October 29th, 2012
London, beloved city where today I make my restless home – it’s a unique place for sure. There was a slight burst of sun today, breaking through the thick clouds, hope for the weary and vitamin D deprived. I walk quickly, through the ever wet and steamy streets of Soho, feeling werewolf but looking more tourist.
No one looks you in the face here, as we are centimeters apart, each trying to hold our own, in the cold. The freeze gets in your bones, and it could last a lifetime. You could be lonely here in a crowd. If I lived here always, and no one ever met my gaze, I could see myself dying young.
I had thought this was the quintessential city of cold shoulders and constant turning away, all through my youthful visits, when I carried a backpack on a frame, before turning it in for my fine Apsinal handbag when I reached 40.
This was before I knew how to pick the locks of this mysterious place. If you look in their eyes first, if you risk the tiniest bit of your heart, if you ask for directions or for a moment of someone’s time, the Londoner will immediately come to your aid.

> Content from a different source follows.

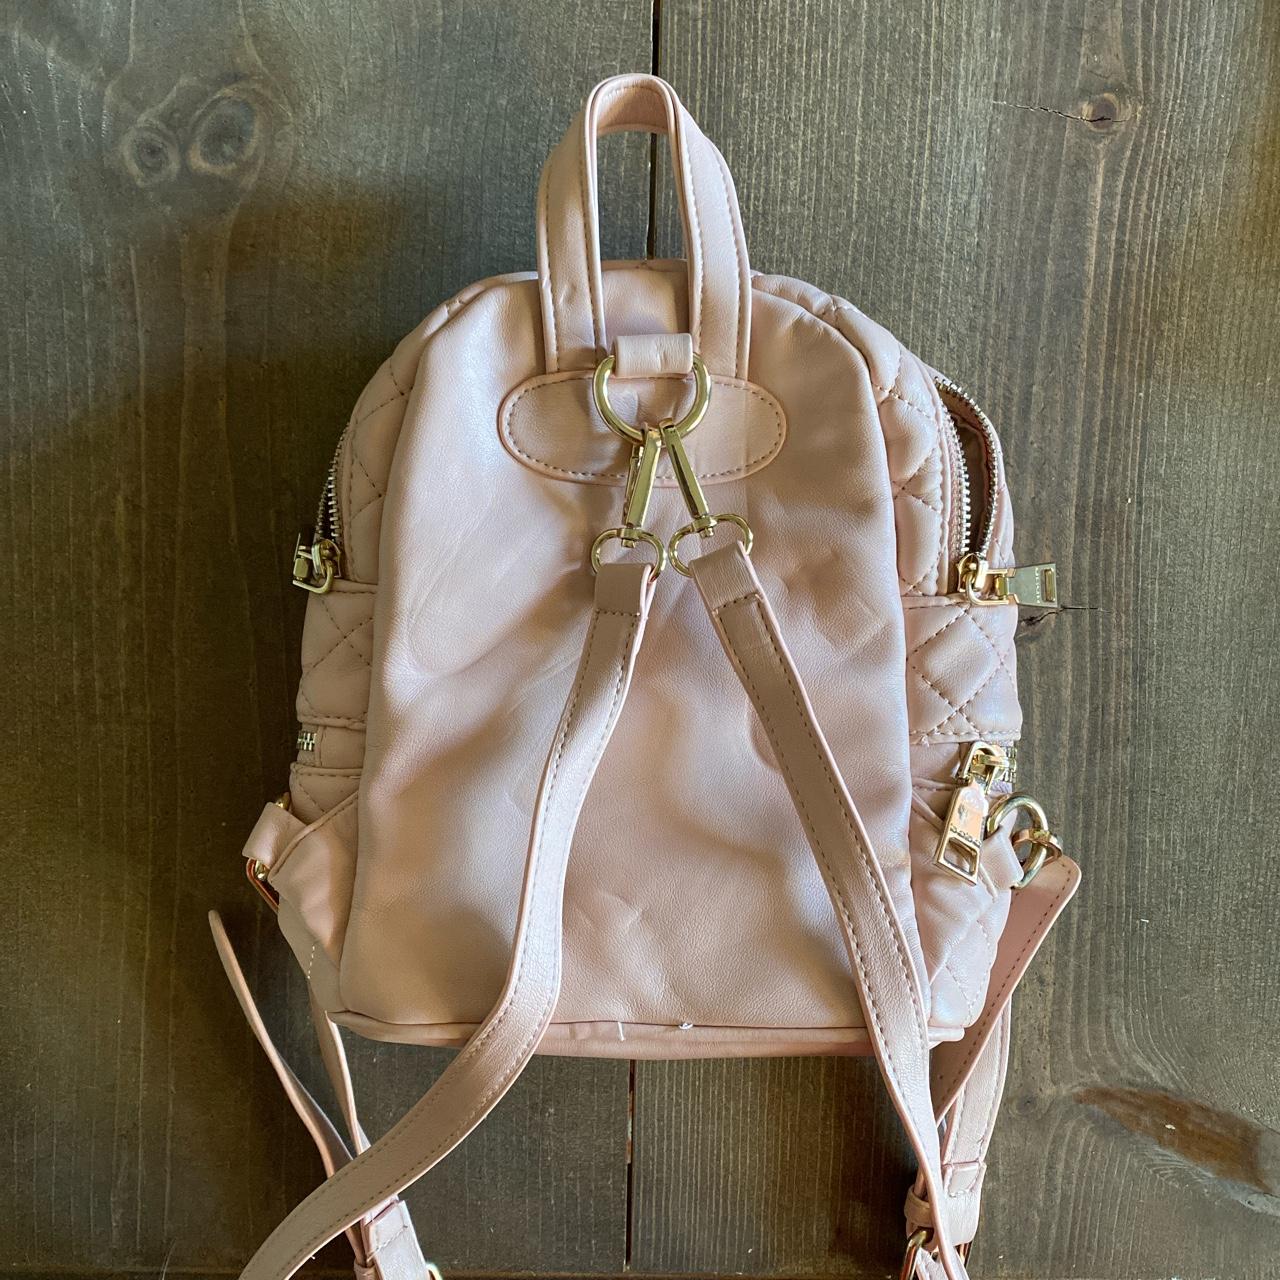 Mini Purse Backpack - Pink 🩷 - Scuff Marks - - Depop

The frost melts in a but a moment, their hearts shine on you like the hot glow of a towel rail. Their helpful answers are peppered with “love” and “darling” and “poppet”. If you are lost, the Londoner will walk you to the nearest tube station and find the right train. Your drinks will be bought, your coat and hat hung up by the door, your foreign sadness illuminated by the humanizing touch of understanding.
The Londoner will light you up and not slight you up and I never realized it until now that I am almost old: the deep enduring truth is that the coldest places are actually, secretly, quietly, the warmest.
I love London.
October 25th, 2012
Insomnia is going to drive me insane, or it may be the reason I am almost there already. My vision blurs, I can’t remember anything, there’s nothing I would rather do that lay down and close my eyes but when I do that, sleep doesn’t come. It’s that I am just stuck staring at the inside of my eyelids, waiting waiting and waiting.
When I was younger this never happened. I would fall asleep just by positioning my head in a certain way. Like a dog, I was out in seconds. Sleep was an escape from the world, and now I feel trapped. It’s terrible, but it’s also amazing when I do finally get to sleep, sometimes 3-4 days later. The entire structure of my awareness topples. It’s like a backwards Nestea plunge, although not into a cool, brown pool of iced tea, but into the warm bath of sleep. Dreams are colorful and hypnotic and they include sex with rock stars and really cute shoes and songs and jokes that beg to be written.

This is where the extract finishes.